Exercise details: Take the lines below from the one with "Black jacket with" through the one with "Artwork for podcast" and retype them exactly. Include nothing else, and no pictures.

Exercise data:
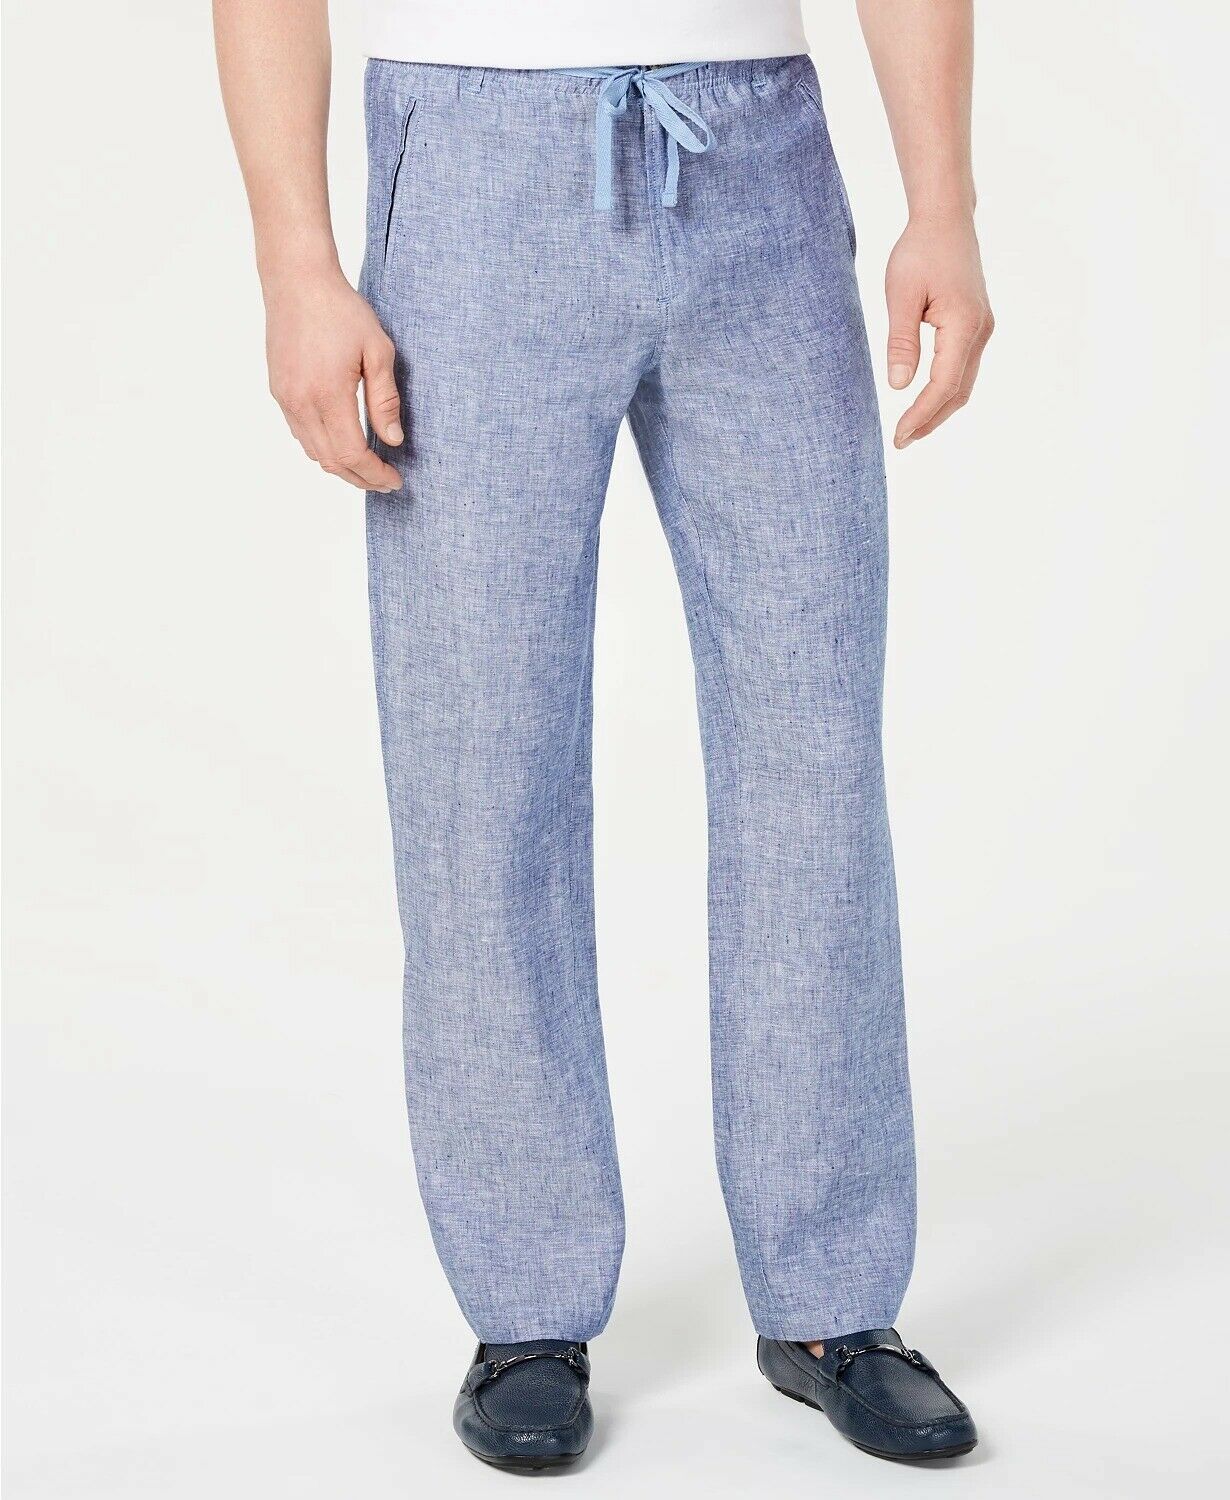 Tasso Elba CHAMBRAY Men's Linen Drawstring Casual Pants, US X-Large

==

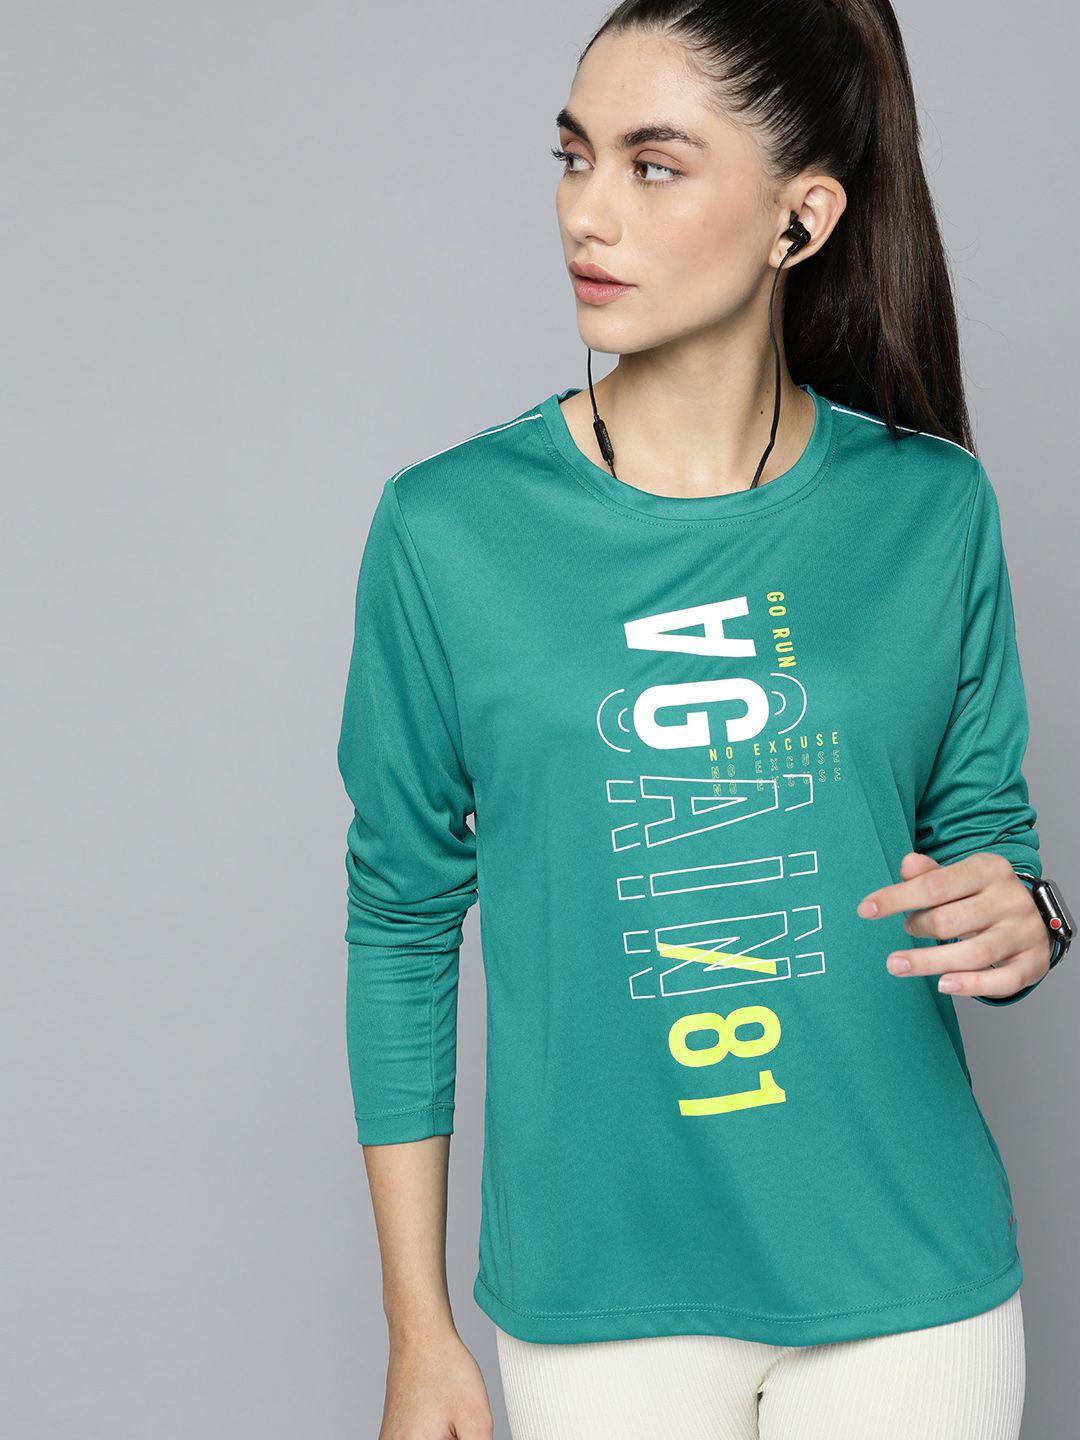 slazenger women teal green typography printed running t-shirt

--

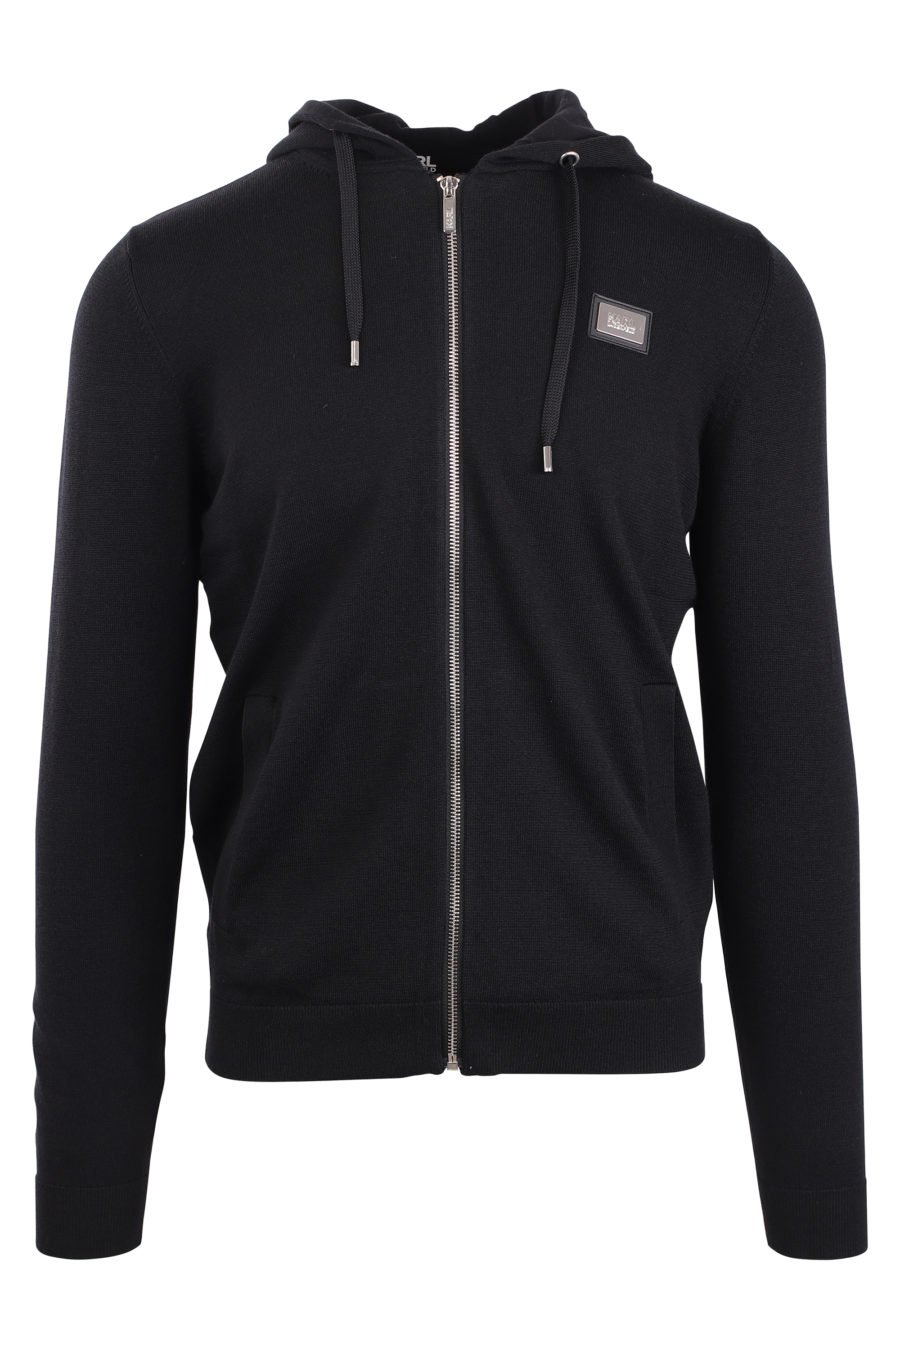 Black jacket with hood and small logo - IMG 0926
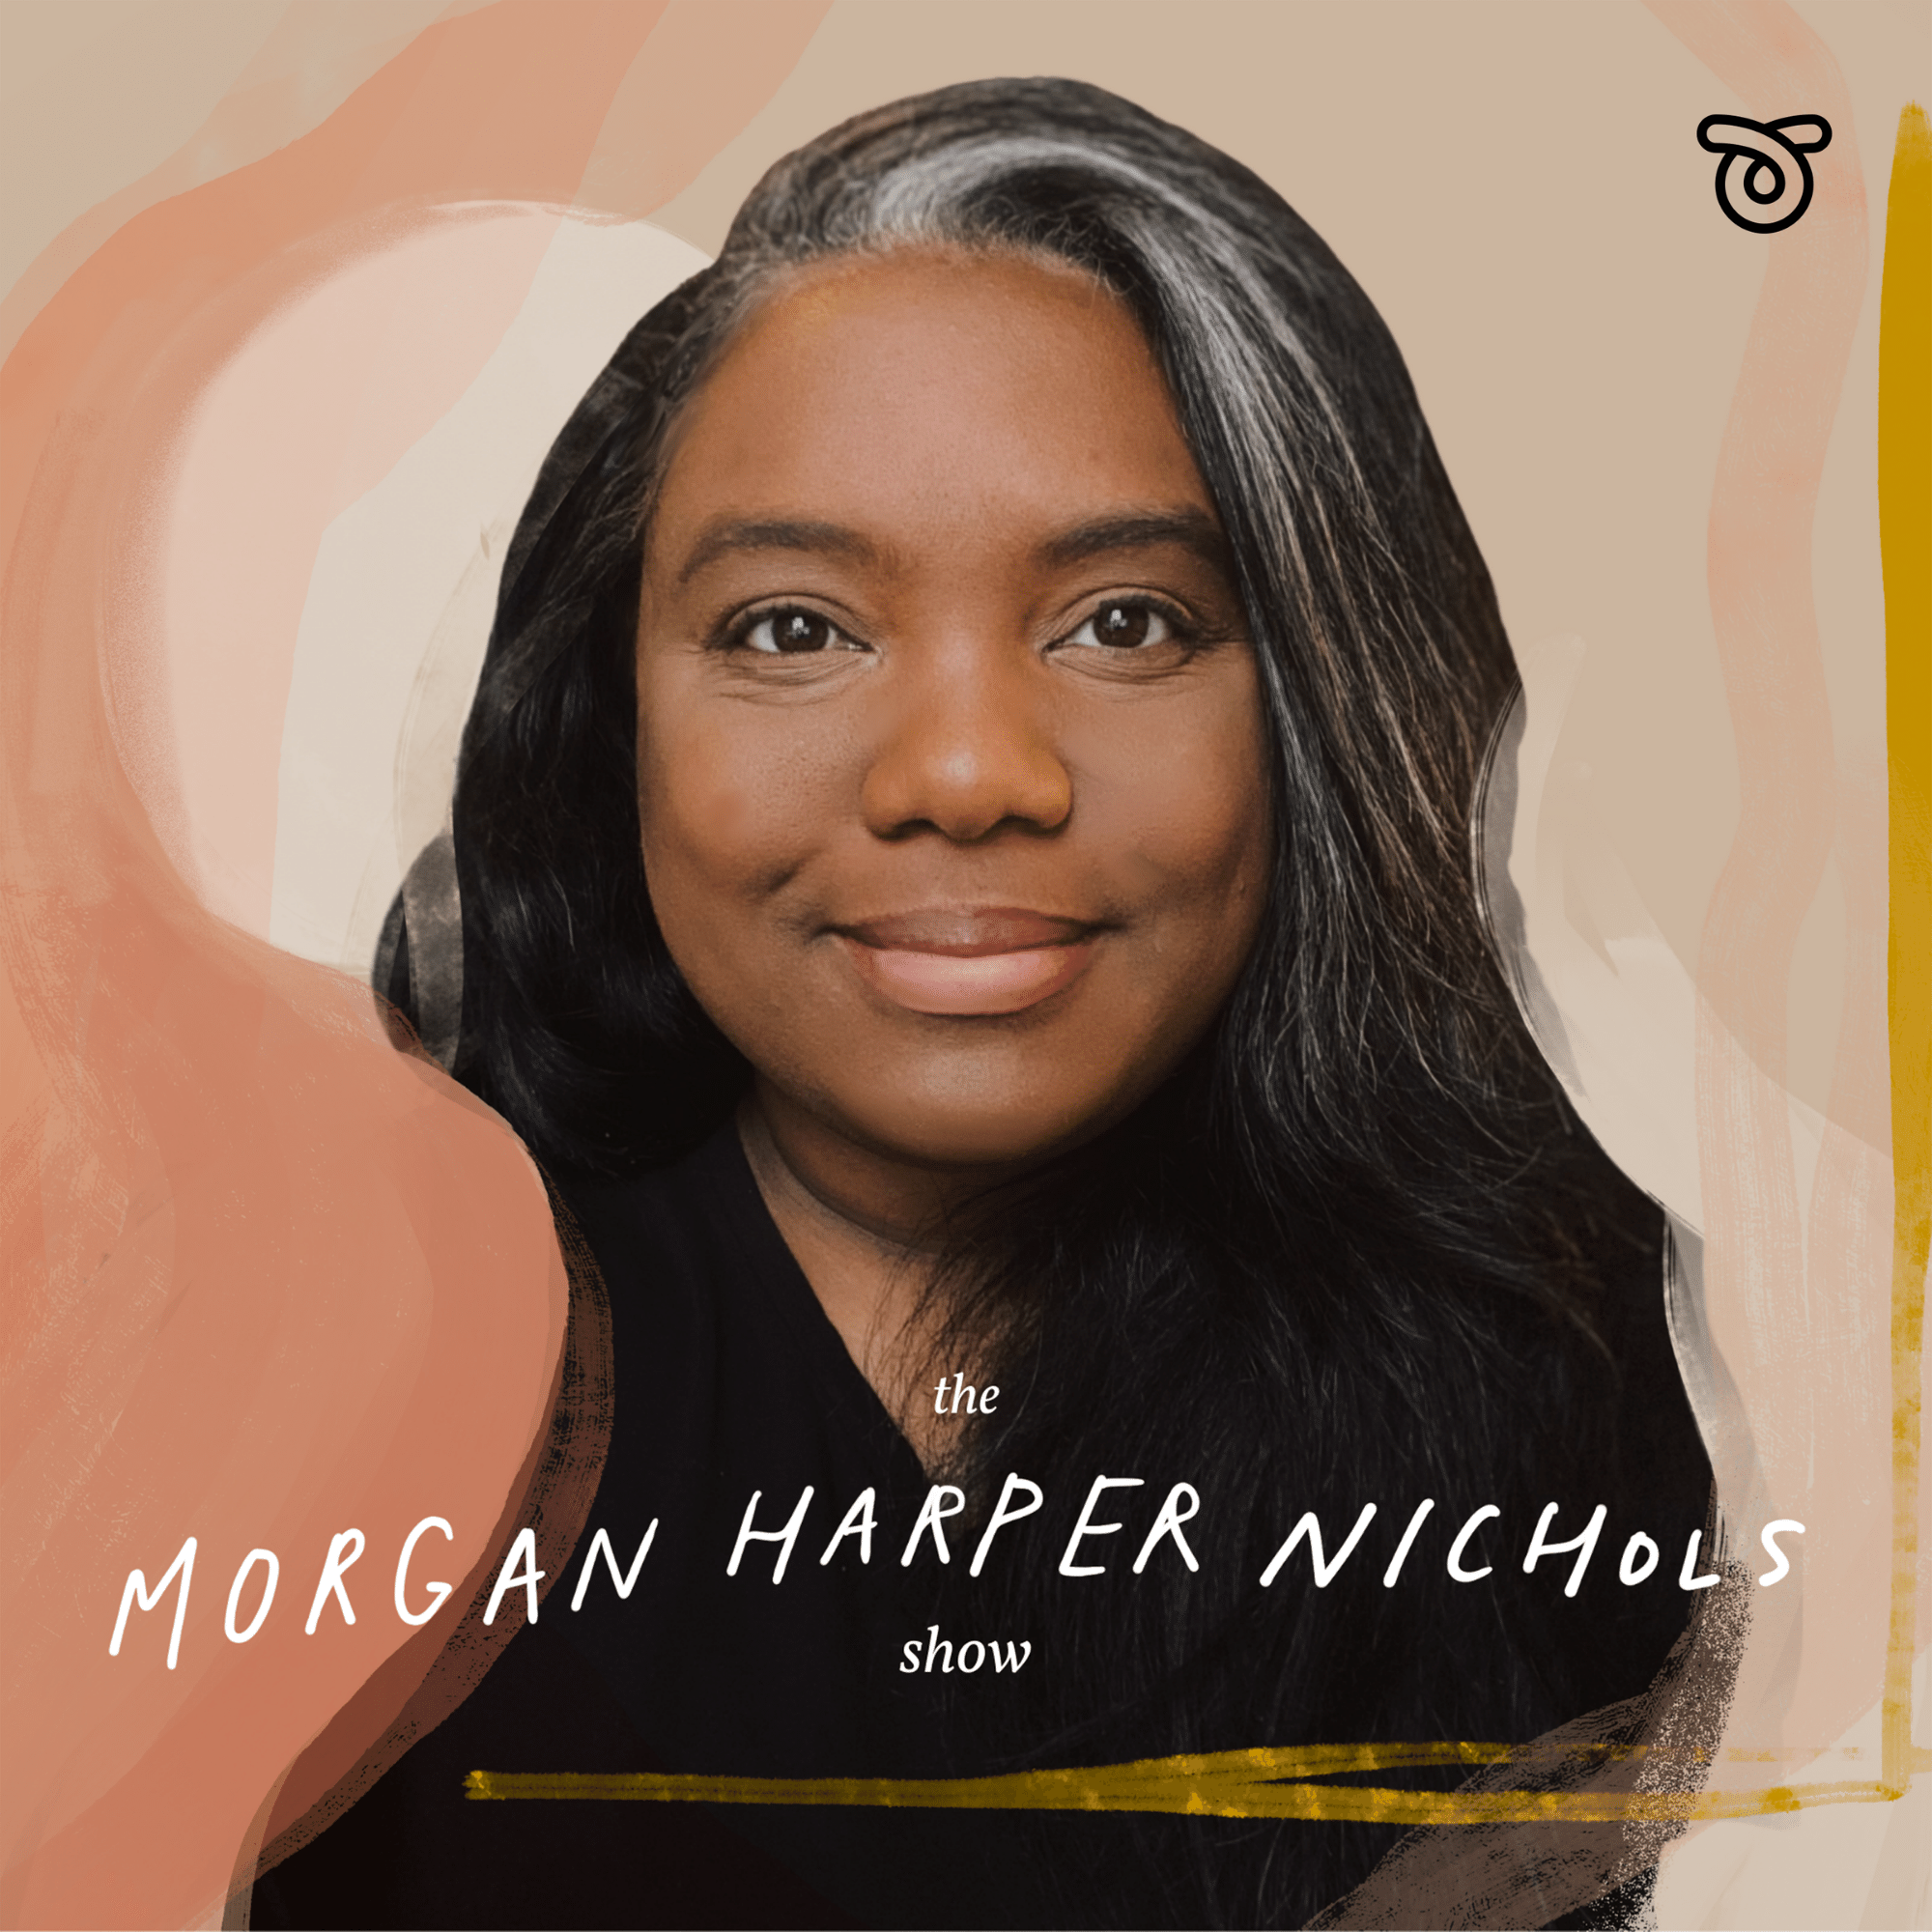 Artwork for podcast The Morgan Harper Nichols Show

Task answer:
 Black jacket with hood and small logo - IMG 0926
 Artwork for podcast The Morgan Harper Nichols Show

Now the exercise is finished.